I made these data processing steps into a script called UNIX_Data_Processing.sh This script can be run with these commands
$ chmod a+rx UNIX_Data_Processing.sh
$ ./UNIX_Data_Processing.sh
First I extracted the maize and teosinte marker data into separate genotype files, including "Group" to get the SNP name.
$ grep -E "(Group|ZMMIL|ZMMLR|ZMMMR)" fang_et_al_genotypes.txt > maize_genotypes.txt
$ grep -E "(Group|ZMPBA|ZMPIL|ZMPJA)" fang_et_al_genotypes.txt > teosinte_genotypes.txt
Then I transposed both files
$ awk -f transpose.awk maize_genotypes.txt > transposed_maize_genotypes.txt
$ awk -f transpose.awk teosinte_genotypes.txt > transposed_teosinte_genotypes.txt
Then in the snp_positions.txt, I removed the header (so the header wouldn't not be sorted into the marker data). Then I sorted the header-less file.
$ sed '1d' snp_position.txt | sort -k1,1 > snp_position_sorted.txt
$ sort -k1,1 -c snp_position_sorted.txt
Next I cut out the columns SNP_ID, Chr and Pos, and put them in a new file in preparation to join.
$ cut -f 1,3,4 snp_position_sorted.txt > snp_for_join.txt
Then in the transposed files, I removed the 3 header rows (so the header wouldn't not be sorted into the marker data), and then I sorted the files.

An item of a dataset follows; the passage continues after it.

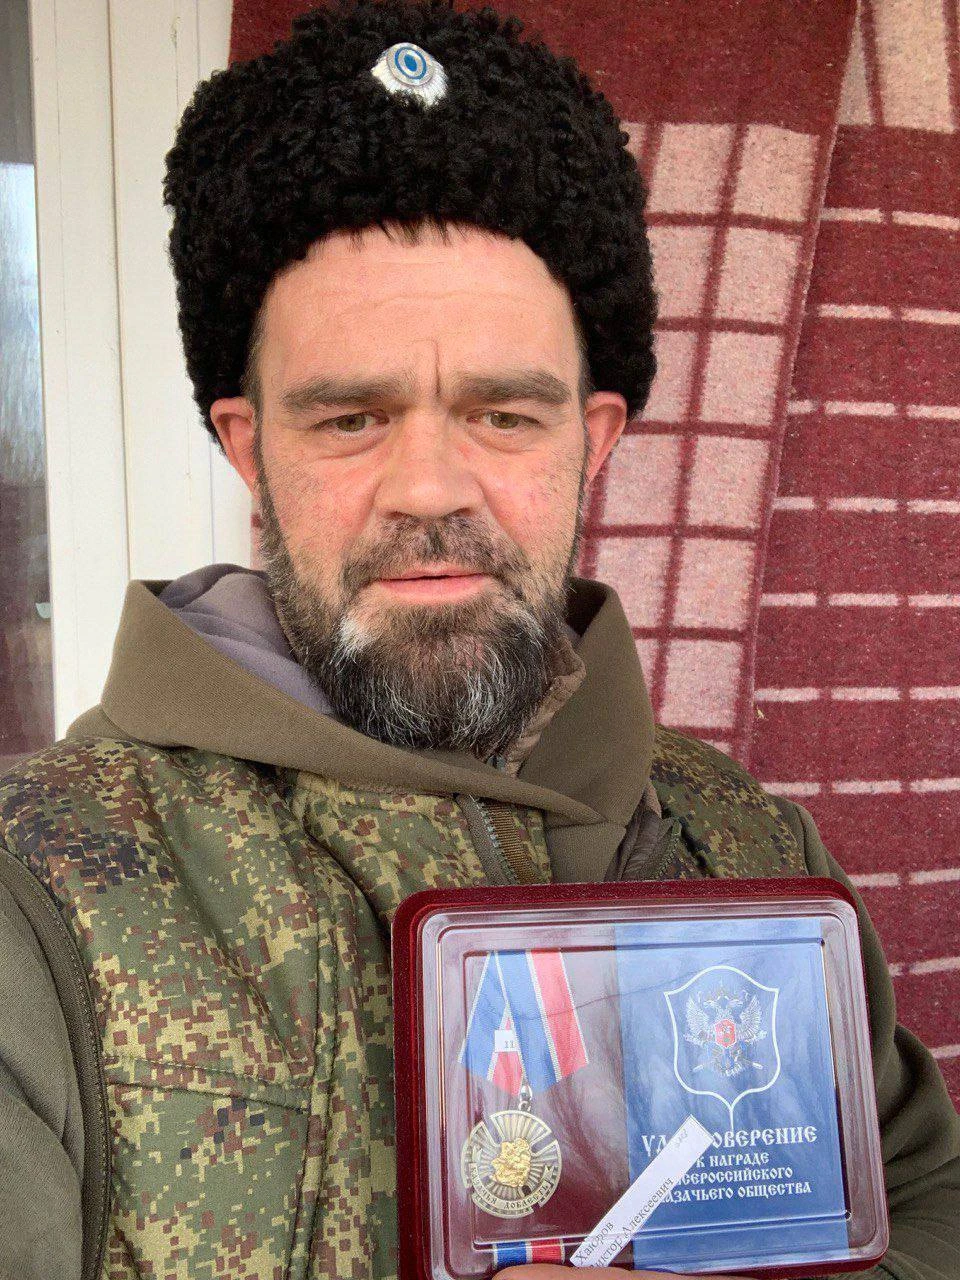 Астраханец награждён нагрудным крестом "Казачья доблесть"

$ sed '1,3d' transposed_maize_genotypes.txt | sort -k1,1 > transposed_maize_genotypes_sorted.txt
$ sed '1,3d' transposed_teosinte_genotypes.txt | sort -k1,1 > transposed_teosinte_genotypes_sorted.txt
Finally, the files are sorted without headers so I can join them. I added the -t $'\t' to make it tab delimited instead of white space.
$ join -1 1 -2 1 snp_for_join.txt transposed_maize_genotypes_sorted.txt -t $'\t' > maize_full.txt
$ join -1 1 -2 1 snp_for_join.txt transposed_teosinte_genotypes_sorted.txt -t $'\t' > teosinte_full.txt
To create 10 files, I used a while loop, making sure to pass the shell variable to awk. The shell variable for chr is "i" and the awk variable is "awk_i". This creates 10 sorted files named maize_chr$i.txt. Then I did the same for teosinte.
$ i=1; while [[ $i -le 10 ]]; do awk -v awk_i=$i '$2 == awk_i' maize_full.txt | sort -k3,3n > maize_chr$i.txt; let i=i+1; done
$ i=1; while [[ $i -le 10 ]]; do awk -v awk_i=$i '$2 == awk_i' teosinte_full.txt | sort -k3,3n > teosinte_chr$i.txt; let i=i+1; done
Then I reverse sorted and changed ?/? to -/- for both the maize and teosinte files.
$ i=1; while [[ $i -le 10 ]]; do awk -v awk_i=$i '$2 == awk_i' maize_full.txt | sort -k3,3nr | sed 's/\?/-/g' > maize_rev_chr$i.txt; let i=i+1; done
$ i=1; while [[ $i -le 10 ]]; do awk -v awk_i=$i '$2 == awk_i' teosinte_full.txt | sort -k3,3nr | sed 's/\?/-/g' > teosinte_rev_chr$i.txt; let i=i+1; done
Next I created the files with SNPs with unknown positions.
$ grep "unknown" maize_full.txt > maize_chr_unknown.txtls
$ grep "unknown" teosinte_full.txt > teosinte_chr_unknown.txt
Finally I created the files with SNPs with multiple positions.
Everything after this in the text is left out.